Or the _return *journey *ticket_


----------



## johngiovanni

Fooler said:


> Or the _return *journey *ticket_


That is certainly a possibility.  Buying tickets can be very complicated nowadays.  The canny traveller can sometimes get a bargain by buying the right combination of tickets as the tariffs for individual journeys can vary so much.  In the UK, buying "split tickets" - where the journey from A to B is divided into segments, with separate tickets for each segment - can sometimes save you money.  There's not much logic about it.
Another possibility is to talk in terms of "the outward/ outbound" and "the inward" journey, or "the outward / outbound" journey" and "the return" journey.  You then may find it helpful to refer to "tickets" (plural) if you are thinking of buying "split tickets".


----------



## Fooler

johngiovanni said:


> That is certainly a possibility.  Buying tickets can be very complicated nowadays.  The canny traveller can sometimes get a bargain by buying the right combination of tickets as the tariffs for individual journeys can vary so much.  In the UK, buying "split tickets" - where the journey from A to B is divided into segments, with separate tickets for each segment - can sometimes save you money.  There's not much logic about it.
> Another possibility is to talk in terms of "the outward/ outbound" and "the inward" journey, or "the outward / outbound" journey" and "the return" journey.  You then may find it helpful; to refer to "tickets" (plural) if you are thinking of buying "split tickets".

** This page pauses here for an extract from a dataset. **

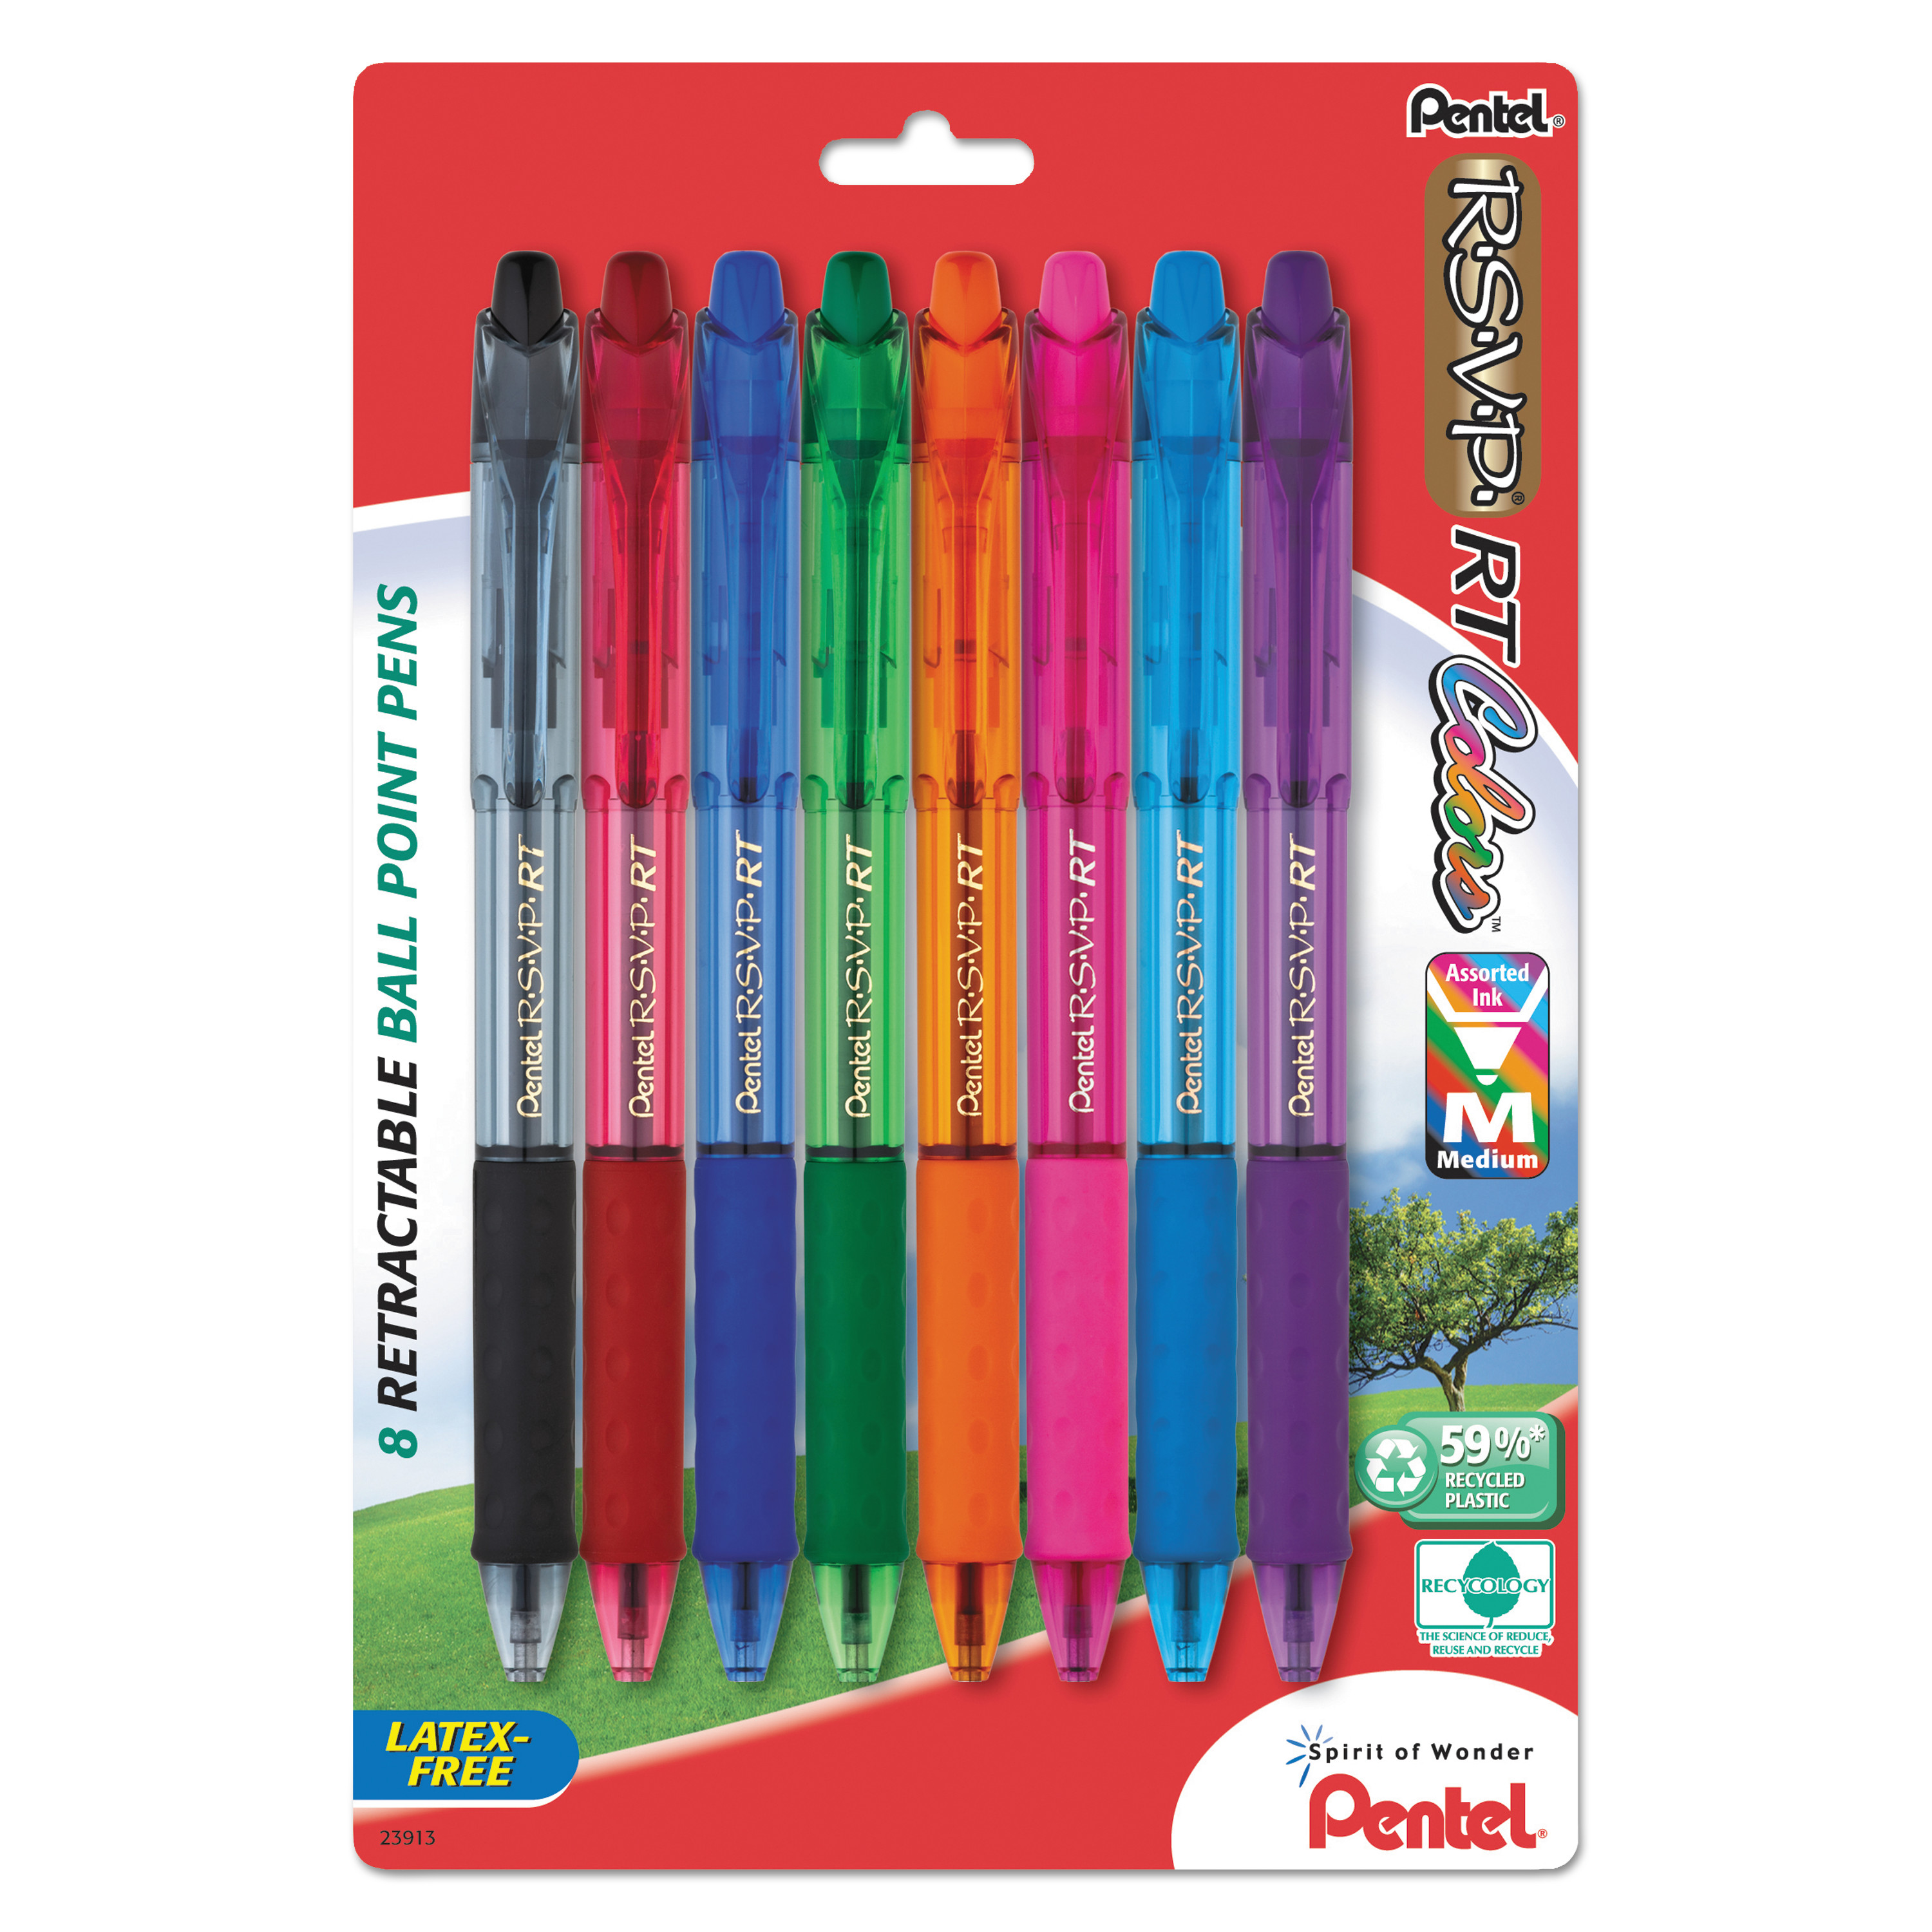 R.S.V.P. RT Retractable Ballpoint Pen, 1mm, Clear Barrel, Assorted Ink, 8/Pack

I agree john, but I think that here we are just talking about the word _ritorno _and _return_ (ticket) in English means 1 or 2 separate tickets marking eg Padua/London - London/Padua and as a verb_ to go back_ (in this case from London) _. _So, let's say I buy one return ticket to London, the travel agency prints 2 tickets and once in London I tell you that I lost _il biglietto di ritorno, _what should I say ?_ the return ticket ? _(but as per its  meaning this implies from Padua to London and return) _the return journey ticket ? the return back ticket ? _


----------



## london calling

Fooler, as we said above, _return ticket_ can mean biglietto di ritorno if the meaning is clear in a given context, which I think it probably would be in your case. That said, _return journey ticket _is a possibility, although it wouldn't exactly roll off my tongue... 

There's no such thing as a _return back ticket,_ by the way.


----------



## Fooler

london calling said:


> Fooler, as we said above, _return ticket_ can mean biglietto di ritorno if the meaning is clear in a given context, which I think it probably would be in your case. There's no such thing as a _return back ticket,_ by the way.

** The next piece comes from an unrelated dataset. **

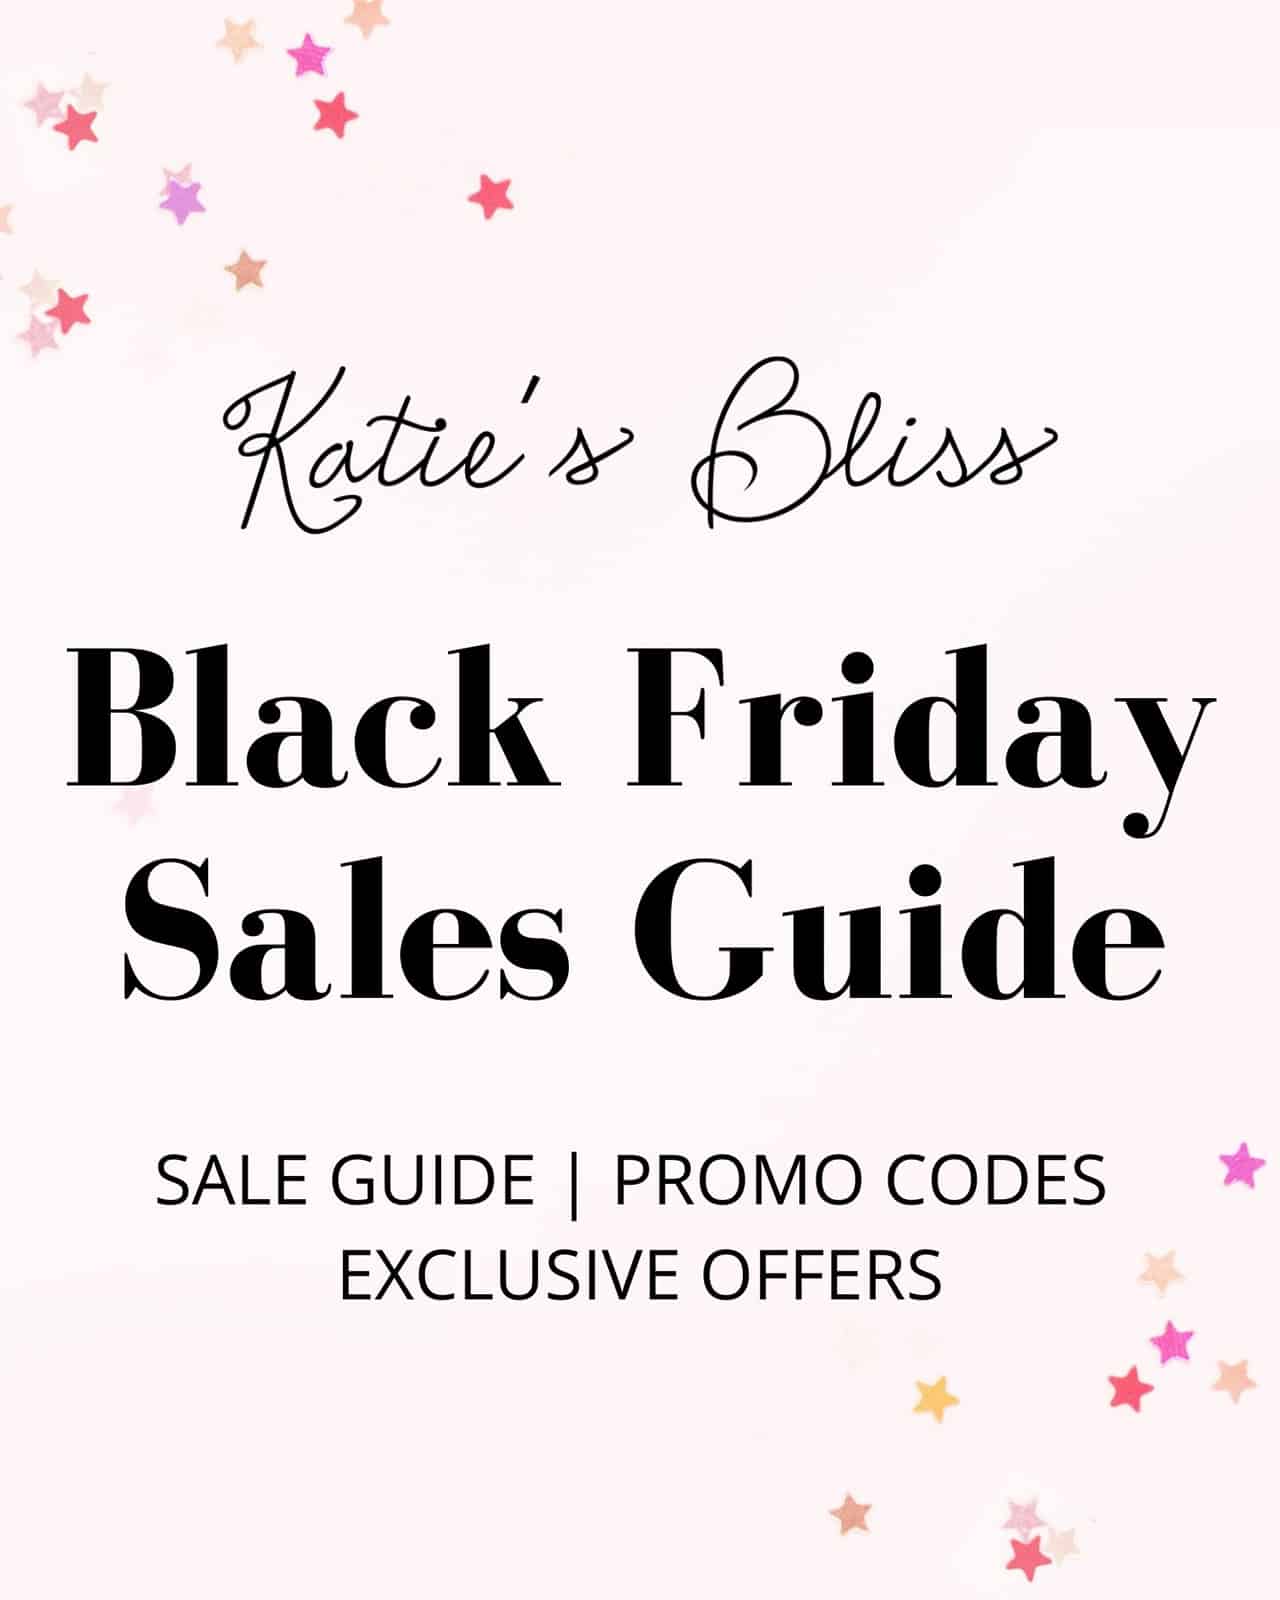 Katies Bliss Black Friday Sale Guide

Thanks London, I know, but I made it up just to clear the Italian word _ritorno_ without running into the _original_ English meaning (andata *e* ritorno)


----------



## pebblespebbles

E' la parola "viaggio" che mi sembra rimandare ad un contesto di pacchetto vacanze. Ma probabilmente no, la destinazione non e' cosi' esotica da suggerire il bisogno di coinvolgere un'agenzia. Ma, quando si acquista un biglietto del treno, dell'autobus etc.., generalmente si chiede :" Vorrei un biglietto per...".
"Vorrei acquistare un viaggio per.." sembra invece un'espressione desueta. Un viaggio , di solito, implica bagagli, un posto dove dormire...
Tutto questo solo per rendere chiaro che, se il contesto e'  quello di un pacchetto vacanze, le traduzioni suggerite non penso siano corrette.

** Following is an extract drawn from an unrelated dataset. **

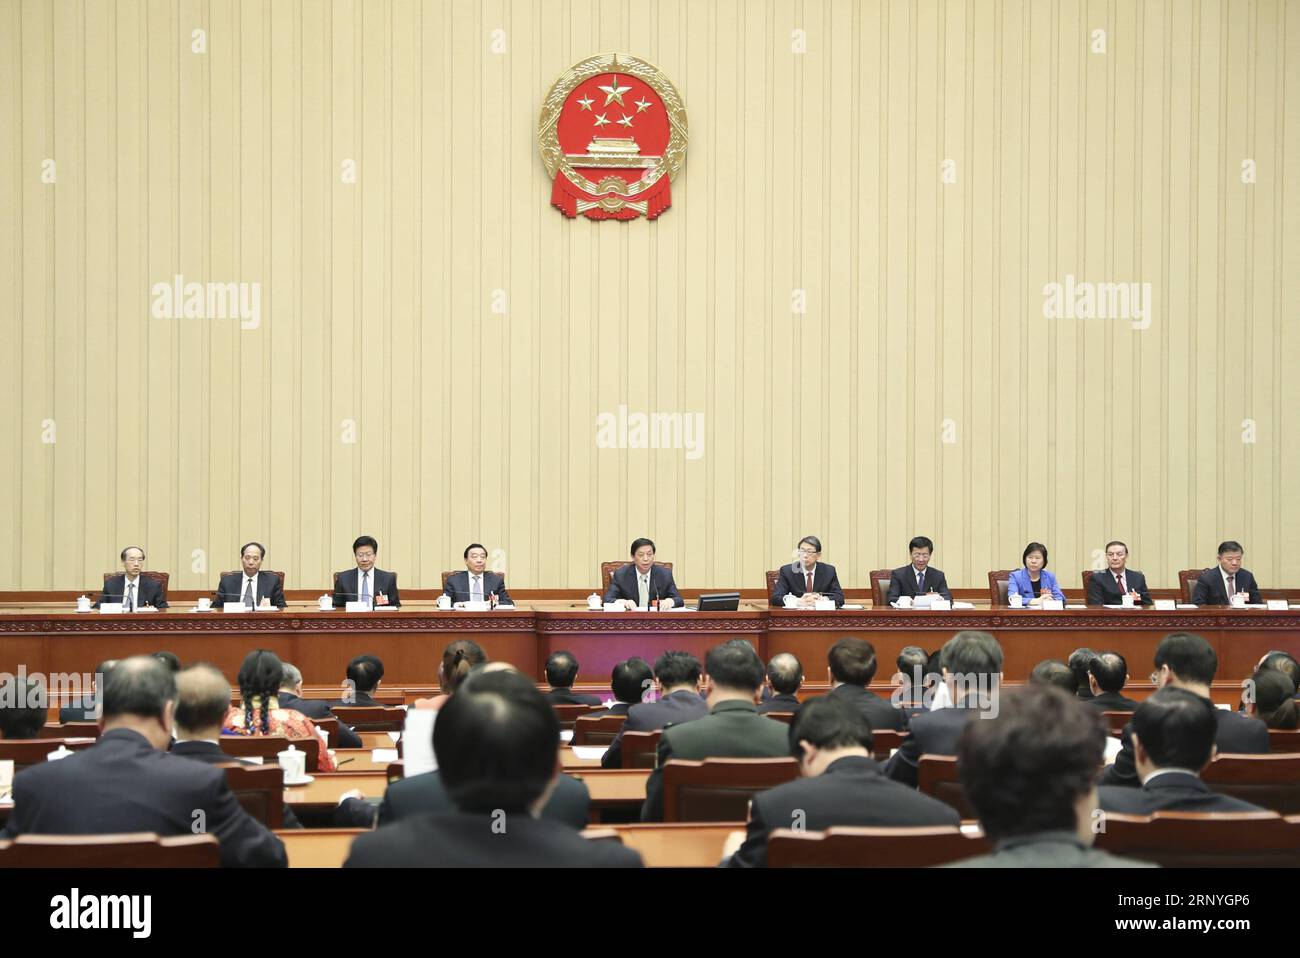 (180319) -- BEIJING, March 19, 2018 -- Li Zhanshu, executive chairperson of the presidium of the first session of the 13th National People s Congress (NPC), presides over the 11th meeting of the presidium at the Great Hall of the People in Beijing, capital of China, March 19, 2018. ) (TWO SESSIONS)CHINA-BEIJING-NPC-PRESIDIUM-MEETING (CN) XiexHuanchi PUBLICATIONxNOTxINxCHN Stock Photo

Per fooler: per acquistare un biglietto andata e ritorno:" I would like to buy A RETURN ticket to London".
Se perdo il biglietto di ritorno dopo aver gia' usato l' andata: " I lost THE RETURN ticket ". In un contesto dato, l' articolo penso faccia la differenza.....non riesco a spiegarla altrimenti. 
(E non riesco a fare le citazioni)


----------



## london calling

pebblespebbles said:


> E' la parola "viaggio" che mi sembra rimandare ad un contesto di pacchetto vacanze. Ma probabilmente no, la destinazione non e' cosi' esotica da suggerire il bisogno di coinvolgere un'agenzia.


A. How was your trip to Cardiff? I know you don't like taking the train.
B. Fine. The train left Paddington late but the return journey/trip back was fine.


----------